# (a) Obtain the de Broglie wavelength of a neutron of kinetic energy 150 eV.

Question:

(a) Obtain the de Broglie wavelength of a neutron of kinetic energy 150 eV. As you have seen in Exercise 11.31, an electron beam of this energy is suitable for crystal diffraction experiments. Would a neutron beam of the same energy be equally suitable? Explain. (mn= 1.675 × 10−27 kg)

(b) Obtain the de Broglie wavelength associated with thermal neutrons at room temperature (27 ºC).
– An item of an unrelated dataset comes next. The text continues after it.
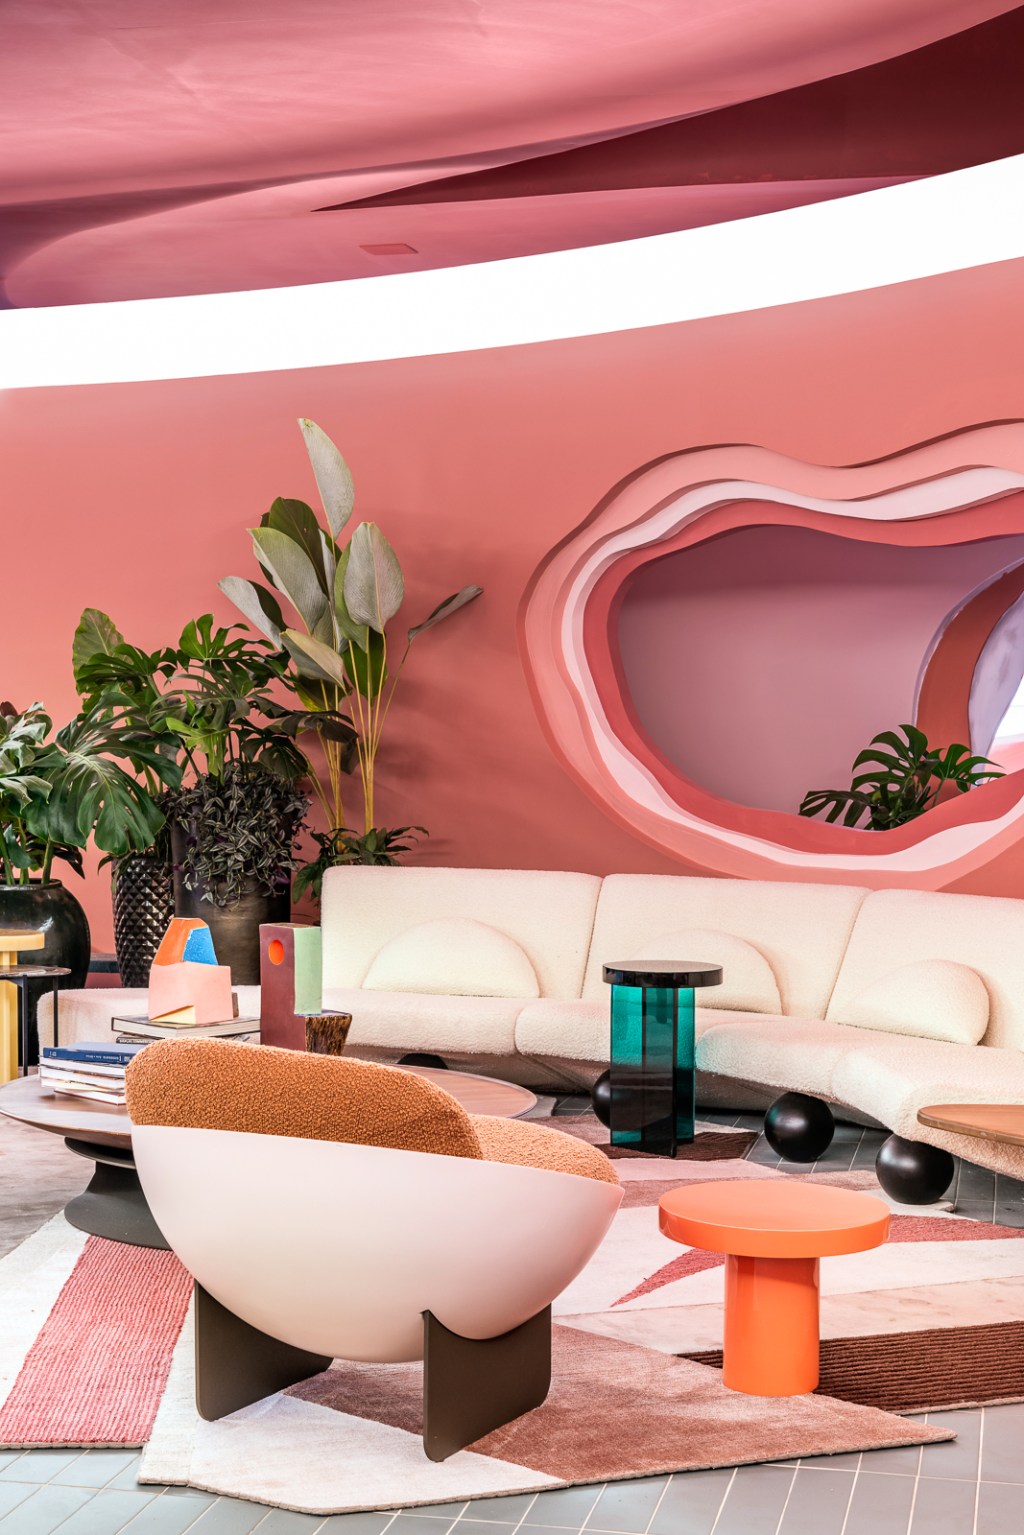 Ricardo Abreu - Casa Coral. Projeto da CASACOR São Paulo 2023. Sala com paredes rosas, sofá curvo, plantas e tapete.

Hence explain why a fast neutron beam needs to be thermalised with the environment before it can be used for neutron diffraction experiments.

Solution:

(a) De Broglie wavelength $=2.327 \times 10^{-12} \mathrm{~m}$; neutron is not suitable for the diffraction experiment Kinetic energy of the neutron, $K=150 \mathrm{eV}$

= 150 × 1.6 × 10−19

= 2.4 × 10−17 J

Mass of a neutron, mn = 1.675 × 10−27 kg

The kinetic energy of the neutron is given by the relation:

$K=\frac{1}{2} m_{n} v^{2}$

$m_{n} v=\sqrt{2 K m_{n}}$

Where,

= Velocity of the neutron

mnv = Momentum of the neutron

De-Broglie wavelength of the neutron is given as:

$\lambda=\frac{h}{m_{n} v}=\frac{h}{\sqrt{2 K m_{n}}}$

It is clear that wavelength is inversely proportional to the square root of mass.

Hence, wavelength decreases with increase in mass and vice versa.

$\therefore \lambda=\frac{6.6 \times 10^{-34}}{\sqrt{2 \times 2.4 \times 10^{-17} \times 1.675 \times 10^{-27}}}$

$=2.327 \times 10^{-12} \mathrm{~m}$

It is given in the previous problem that the inter-atomic spacing of a crystal is about 1 Å, i.e., 10−10 m. Hence, the inter-atomic spacing is about a hundred times greater. Hence, a neutron beam of energy
150 eV is not suitable for diffraction experiments.

(b) De Broglie wavelength $=1.447 \times 10^{-10} \mathrm{~m}$

Room temperature, T = 27°C = 27 + 273 = 300 K

The average kinetic energy of the neutron is given as:

$E=\frac{3}{2} k T$

Where,

k = Boltzmann constant = 1.38 × 10−23 J mol−1 K−1

The wavelength of the neutron is given as:

$\lambda=\frac{h}{\sqrt{2 m_{n} E}}=\frac{h}{\sqrt{3 m_{n} k T}}$

$=1.447 \times 10^{-10} \mathrm{~m}$

This wavelength is comparable to the inter-atomic spacing of a crystal. Hence, the high-energy neutron beam should first be thermalised, before using it for diffraction.